Maybe it’s that I’ve not yet taken the time to unravel fully the baroque plot-corners, but as I read Shadow Ticket for the first time, I was even less sure that usual that the coherence of the story was the main event. I don’t know that these two sentences are the best or most important sentences in the novel, but they strike me as prototypically Pynchon-ish, representations of the peculiar pleasures and complexities of this great American author.
Like many, I suspect, I’ve been mulling in recent weeks about how topical the old guy’s books feel in 2025, ever since Kathyrn Schulz observed in the New Yorker that “somewhere along the line our reality started to resemble, with uncanny specificity, the collected works of Thomas Pynchon.” I’ve been more than hip-deep in Pynchonia all fall, teaching The Crying of Lot 49 in my grad class, watching Paul Thomas Anderson’s semi-Pynchonisms spill out of “One Battle After Another,” and savoring the intermittent pleasures of Shadow Ticket slowly over the course of October. I even treated myself to all 55+ hours of the audiobook of Against the Day in September, and I tend to think that of all his novels, that’s the one closest to Shdadow Ticket in form and feeling. But now, as we emerge now into a new month, how much of the shadows will linger?

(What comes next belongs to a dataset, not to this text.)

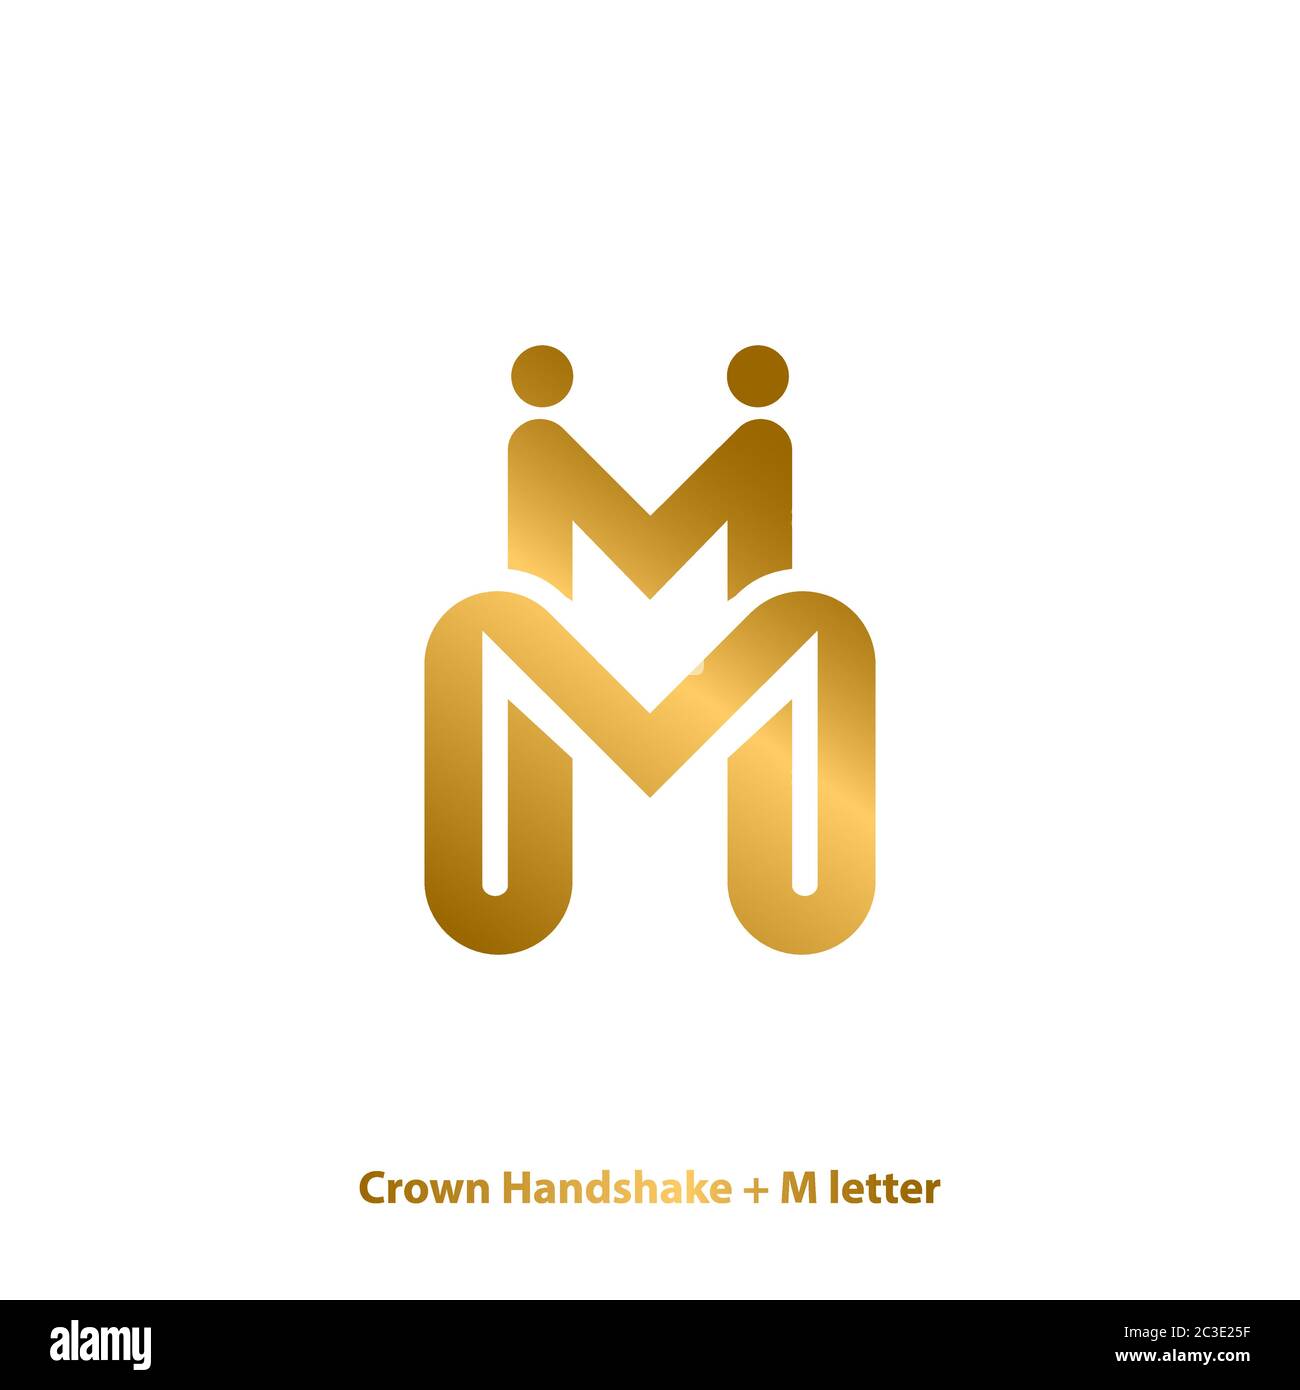 How to Design a Double M letter Logo // letter logo design illustrator cc  2017

Thinking about the title of the novel makes me I’m also thinking about another old guy from Tom P.’s generation, who also released a late-career shadow in the 2020s. For Bob, it was the old guy’s 40th studio album, called “Shadow Kingdom: The Early Songs of Bob Dylan.” Bob and Tom have been, well, shadowing each other since long before Bob won the Nobel Prize that probably should have gone to Tom. Tom’s college buddy Richard Farina, who was married to Mimi Baez, sister of Joan, one of Bob’s most famous ex’s, was a folk-scene rival of sorts in the Greenwich Village ’60s, though in Richard’s case his motorcycle crash in 1966 killed him. Bob’s own 1966 motorcycle crash, the details of which remain murky, led to a period of isolation – do we know another great artist of this generation who hides from the press? What do these two old men have to do with each other? (For Tom’s shadow dissing of Bob, see David Hadju’s 2001 bio Positively Fourth Street: The Life and Times of Joan Baez, Bob Dylan, Mimi Baez Farina, and Richard Farina. I’m ready for Timmy C. in this movie!)
And I’m also wondering if Shadow Ticket will really be Old Tom’s signoff. If so, Hick’s youthful sidekick Skeet, who presumably will eventually become Zoyd Wheeler of Vineland‘s father, closes us out by lighting out for the territory on the Santa Fe Chief. “Right now we’ve got a couple of sunsets to chase” (293), Skeet concludes. A sentimental ending, somewhat like Mason & Dixon and Bleeding Edge? Not a bad way to close up shop, if the shop must close.
If the last three novels form one final trilogy, with Shadow Ticket’s Milwaukee poised halfway between Inherent Vice‘s California and Bleeding Edge‘s New York, perhaps these final lines suggest that our Eastern author, who presumably still lives on the Upper West Side, still longs for the West.
I think I’ll go back to Shadow Ticket soon. Or maybe it’s time for another whirl through Gravity’s Rainbow? Or Mason & Dixon?